The property on which the homes will be built presented significant space constraints and layout challenges for the students, who also had to consider neighborhood house style, building efficiency and energy efficiency in their designs.

“This was a drastic realization for us,” student Stuart Monte said. “The hardest part was the space constraint. How do you make a house that is desirable and comfortable but also cost-efficient?”

The student-designed homes are part of a 13-house plan that includes a pavilion and park on less than two acres of land.

The UL-designed houses are each about 1,200 square feet with three bedrooms and two bathrooms. Monte and the other design students plan to help build their designs this summer with Habitat for Humanity.

It demonstrates the passion the students have for the project because they have already received their grades, said UL professor Geoff Gjertson, who facilitates the partnership between the school and the nonprofit.

The pocket neighborhood homes are only one part of the partnership.

Students began designing homes with Habitat for Humanity in fall 2010 and have since completed construction on two other homes in the McComb-Veazey neighborhood.

One of the student-designed homes on Marne Street will be ready in early February for working mother Yoshonna Benoit.

“It’s really exciting,” Benoit said. “It’s nice. It came out real, real nice.”

As a requirement for receiving a Habitat for Humanity home, Benoit attended financial-planning classes and helped to build the home.

Her house has four bedrooms and two full baths to accommodate her six children, ages 11 to 18.

Her payments will be less than the rent she currently pays.

Melinda Taylor, executive director of Habitat for Humanity, said creating new houses in core neighborhoods is an important part of the Lafayette Consolidated Government’s Comprehensive Master Plan.

The construction of the houses is funded, in part, by a housing-specific grant from LCG.

“It’s important to pay attention to the core neighborhoods because a city can rot from the inside out,” Taylor said. “There’s a lot of history and a lot of possibilities here.”

The McComb-Veazey neighborhood is one of the oldest in Lafayette.

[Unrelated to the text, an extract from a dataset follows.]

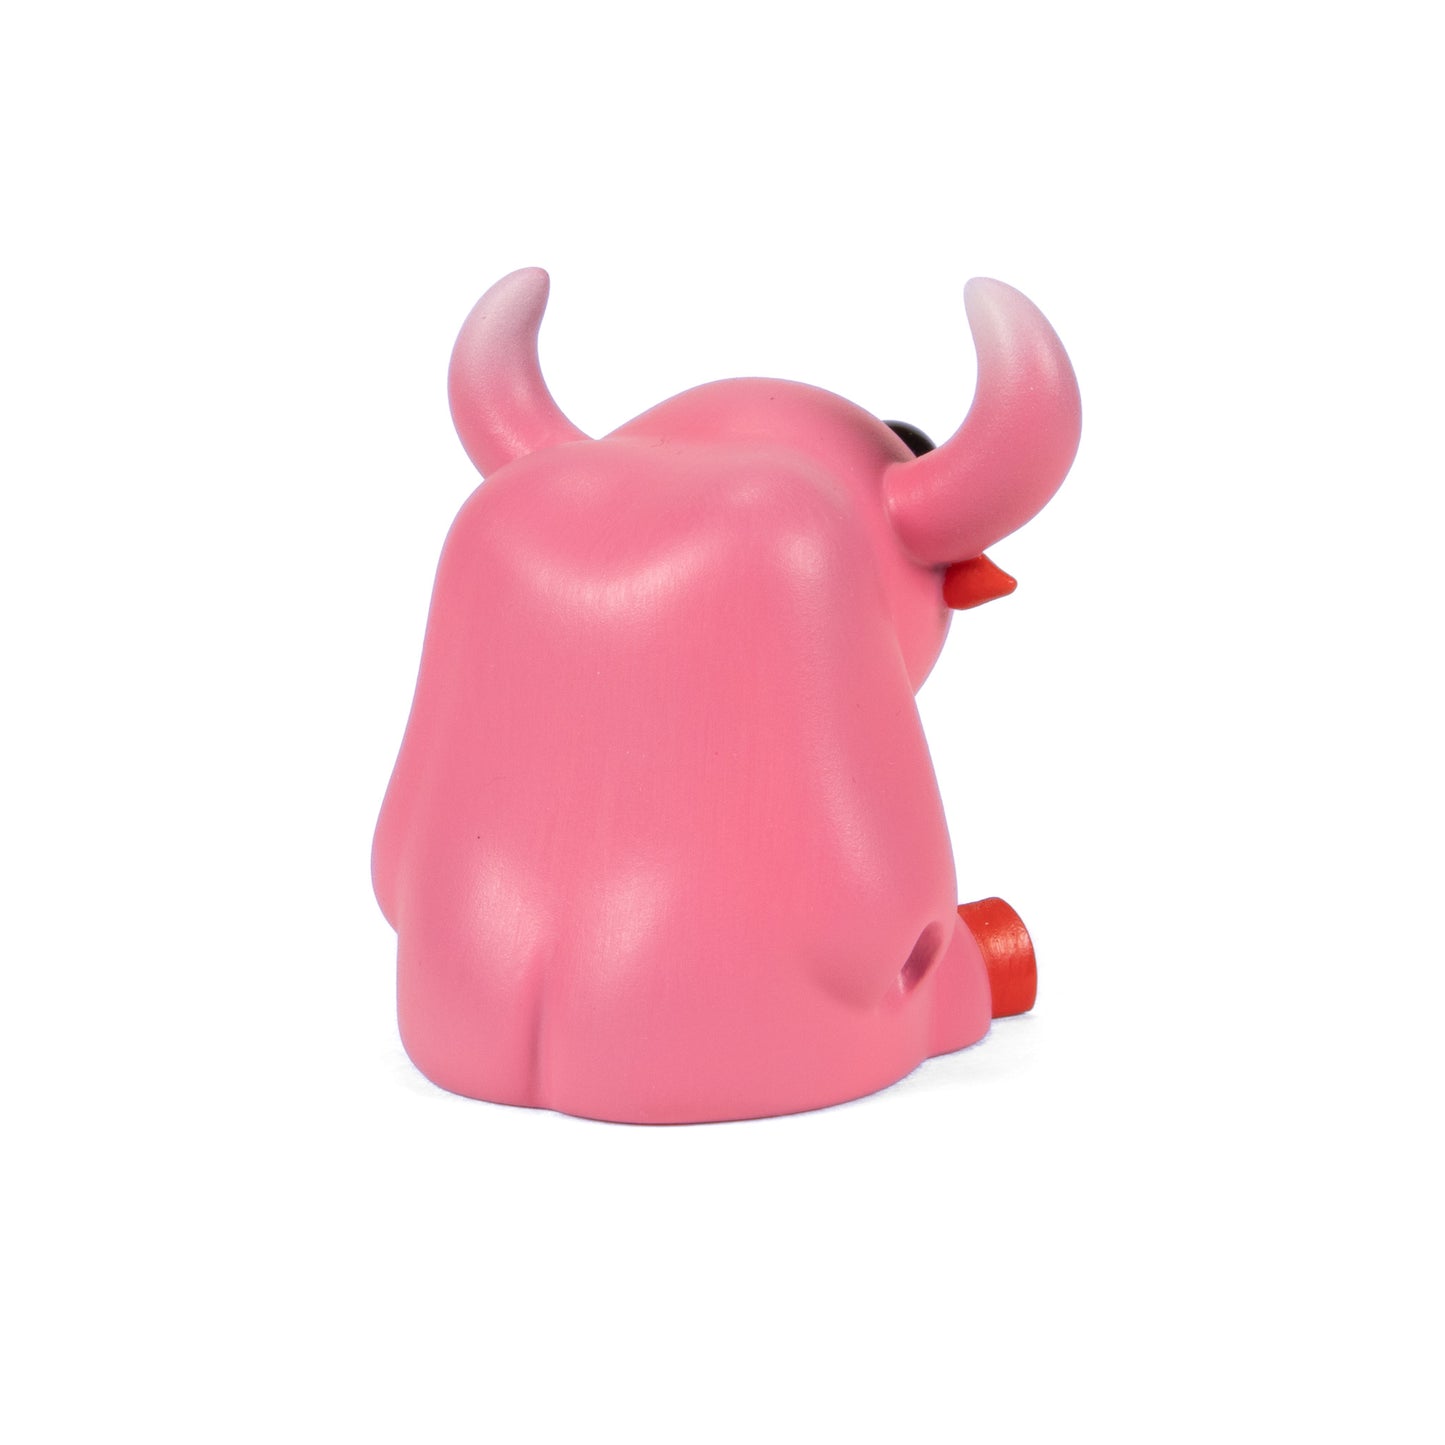 Clove the Bull Grazing For Love Limited Edition Hand-Painted Resin Figure

It began in the early 1900s in an area that was once considered the suburbs. It’s now defined as the area bordered by Evangeline Thruway, Pinhook Road, Surrey Street and Simcoe Street.

A mix of older homes, vacant buildings and empty lots, many have been trying to revitalize the area to its former glory.

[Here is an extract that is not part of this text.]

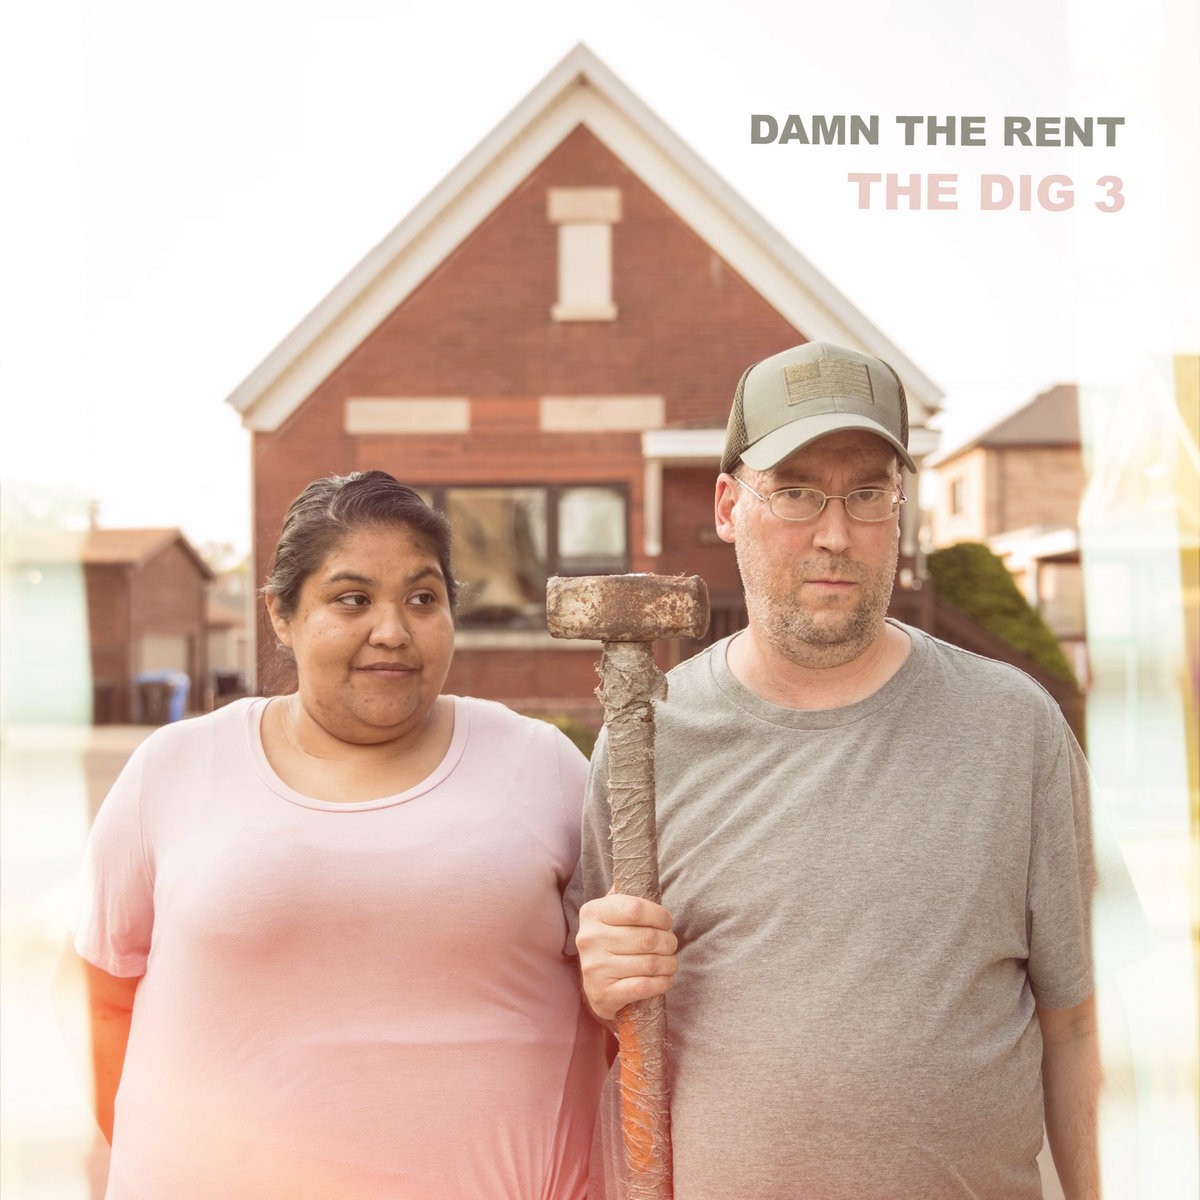 The Dig 3 - Damn The Rent

Tina Shelvin, vice chair of the McComb-Veazy Coterie, said the new houses add warmth to the neighborhood. She said she just wants to “walk up with a pie and say, ‘Hey, how are you doing?’” when she passes them.

“It’s important to invest in the neighborhoods in existence,” Shelvin said. “To see these students do a presentation on flagship houses that incorporate our core values and neighborhood style is nice to see.”